(Stored dataset items)
[Start of Attachment]
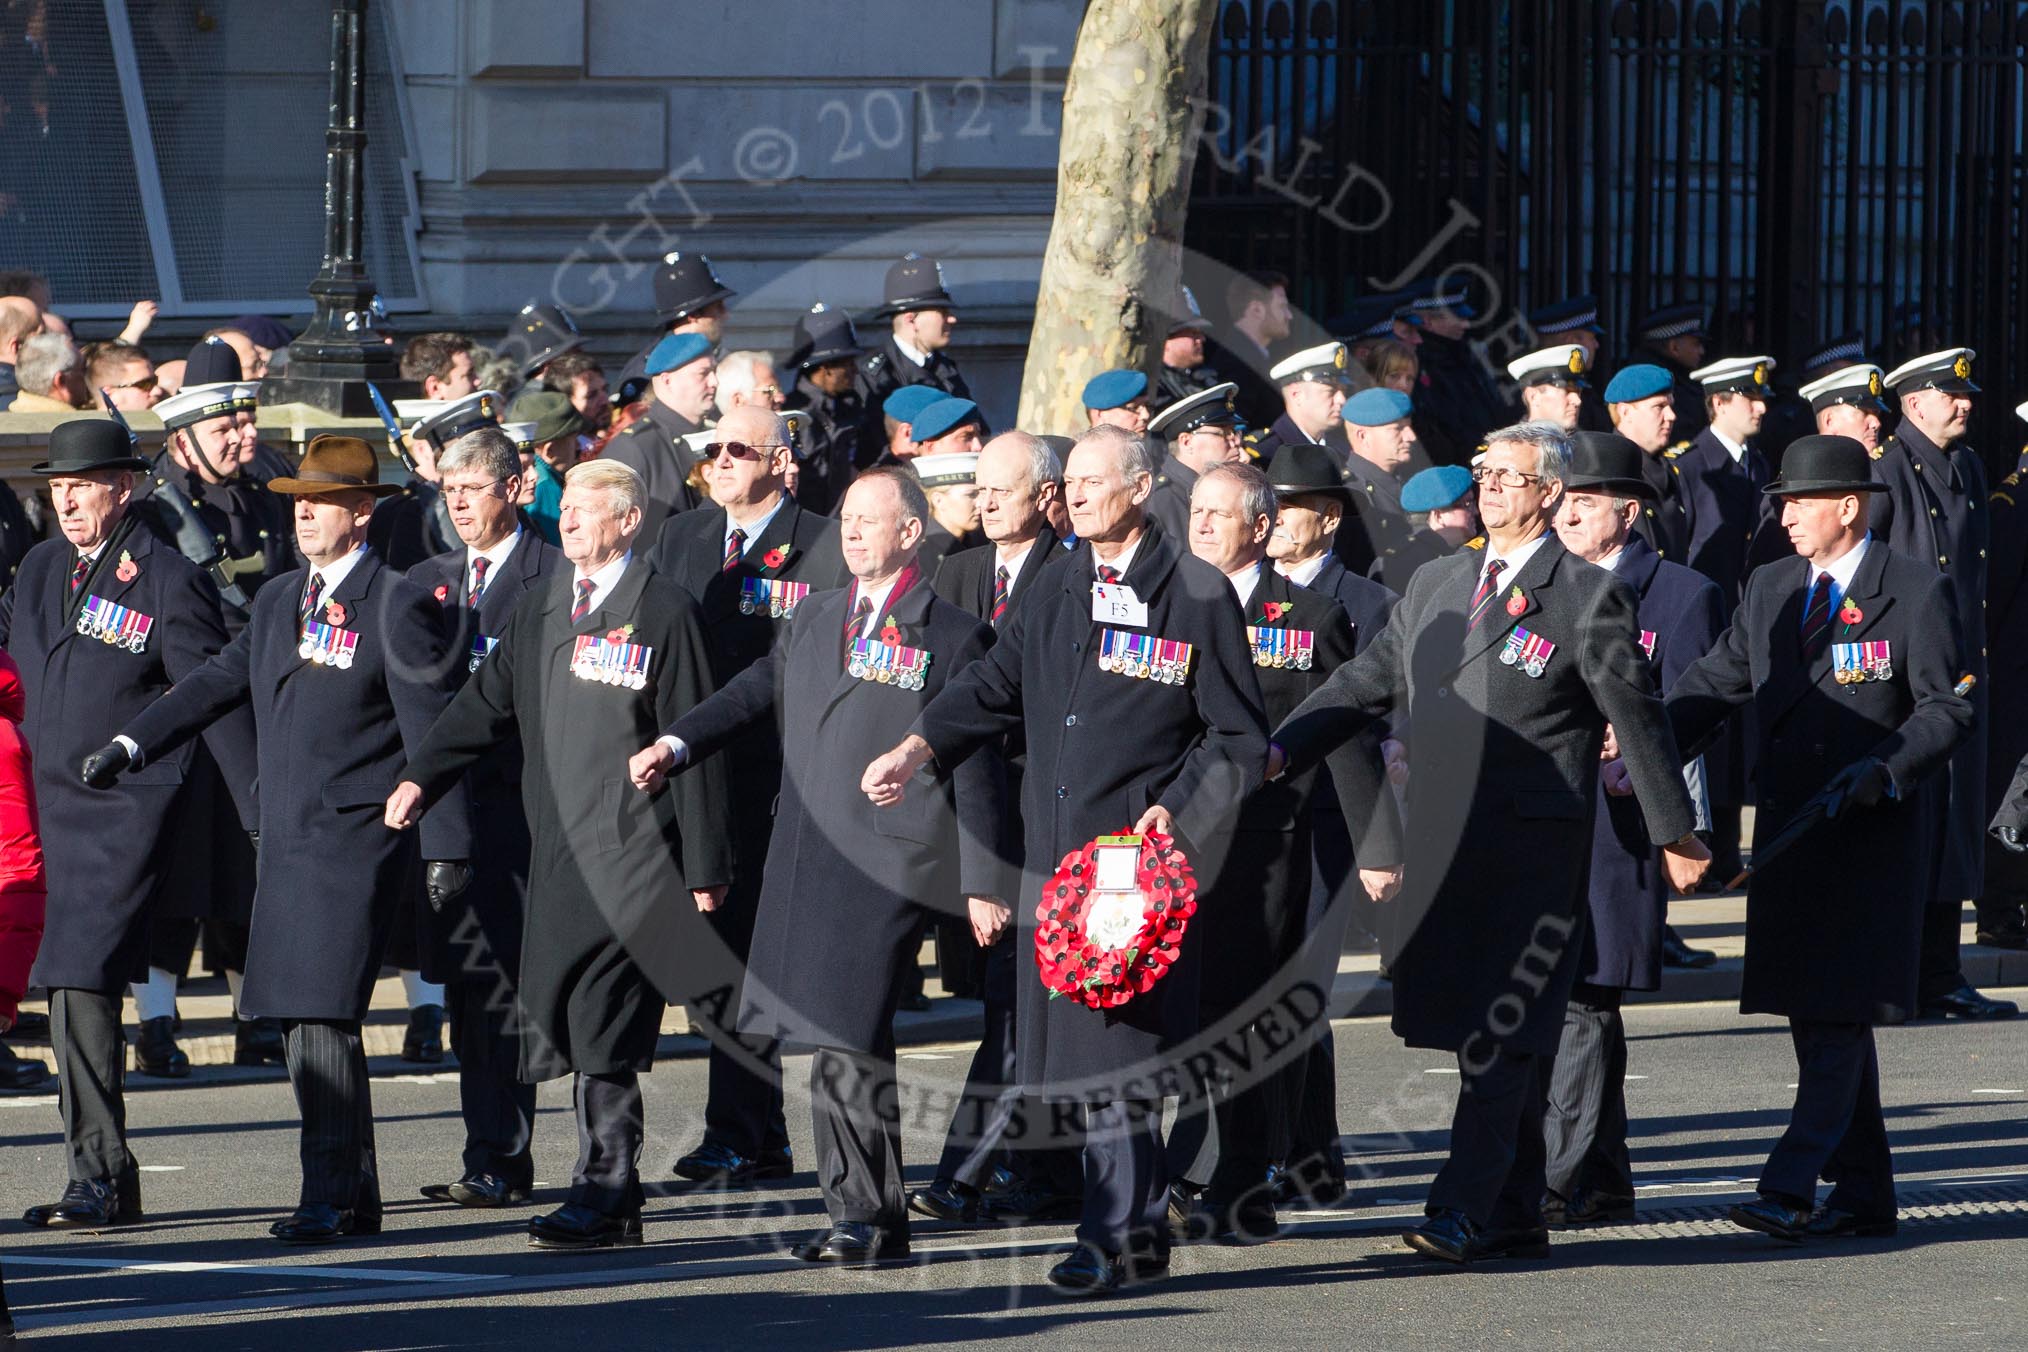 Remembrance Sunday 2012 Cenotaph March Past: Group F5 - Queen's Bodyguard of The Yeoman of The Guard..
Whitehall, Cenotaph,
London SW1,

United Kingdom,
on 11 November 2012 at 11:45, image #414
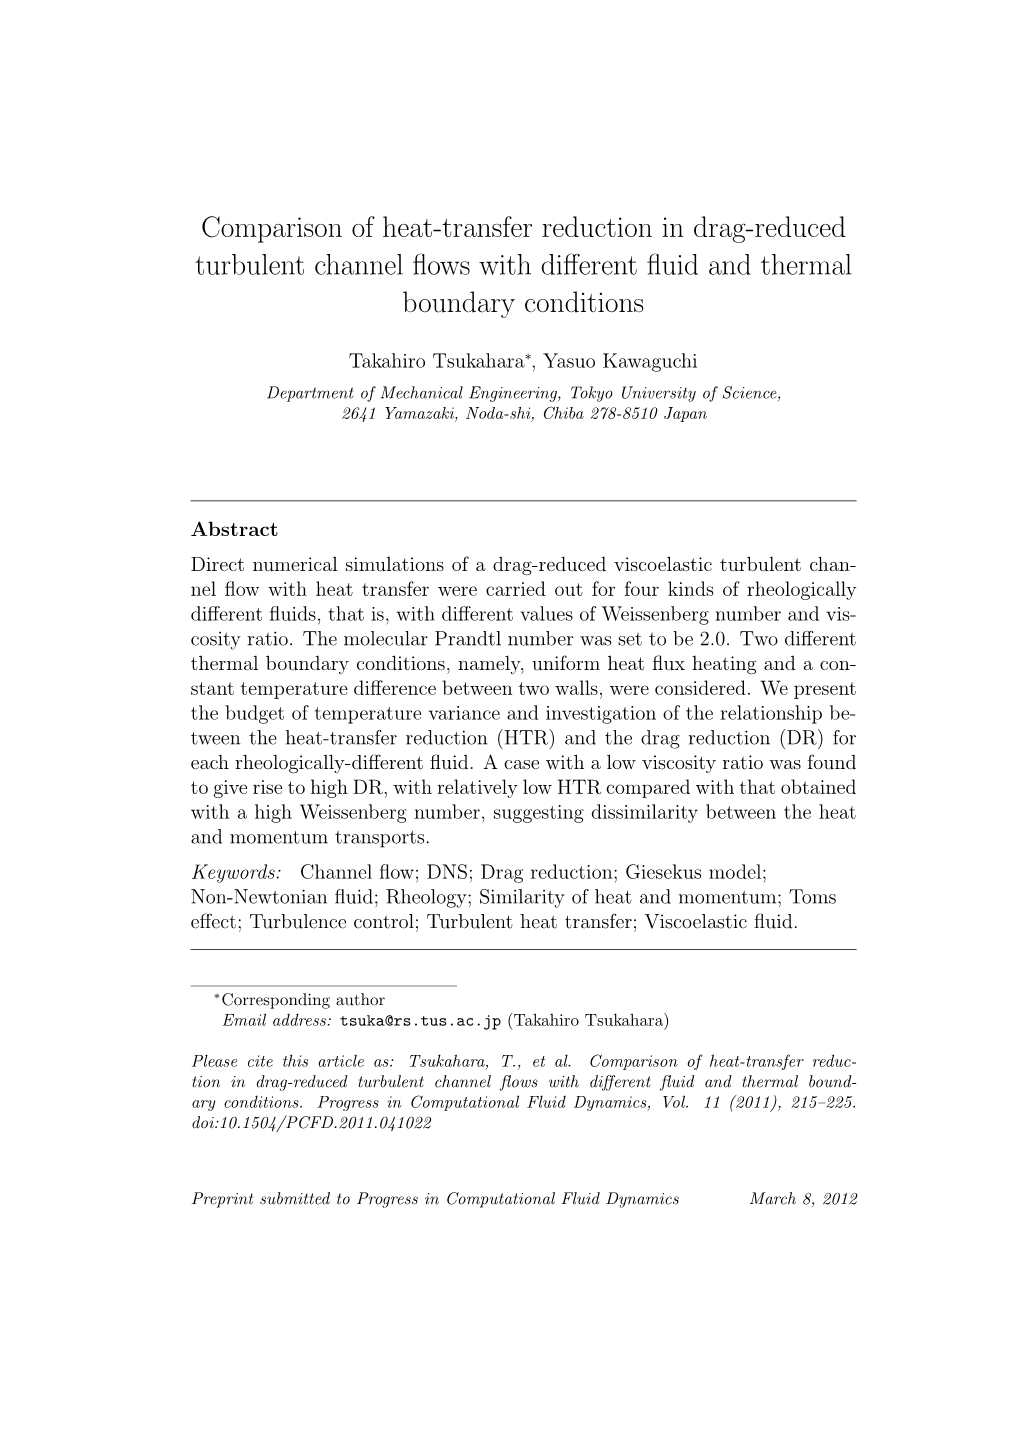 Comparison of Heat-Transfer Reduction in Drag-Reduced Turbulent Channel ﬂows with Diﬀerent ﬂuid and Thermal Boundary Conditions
[End of Attachment]
◆ Assigned task
Transcribe the records in full and exactly. Pictures stay out.

◆ Response area
 Remembrance Sunday 2012 Cenotaph March Past: Group F5 - Queen's Bodyguard of The Yeoman of The Guard..
Whitehall, Cenotaph,
London SW1,

United Kingdom,
on 11 November 2012 at 11:45, image #414
 Comparison of Heat-Transfer Reduction in Drag-Reduced Turbulent Channel ﬂows with Diﬀerent ﬂuid and Thermal Boundary Conditions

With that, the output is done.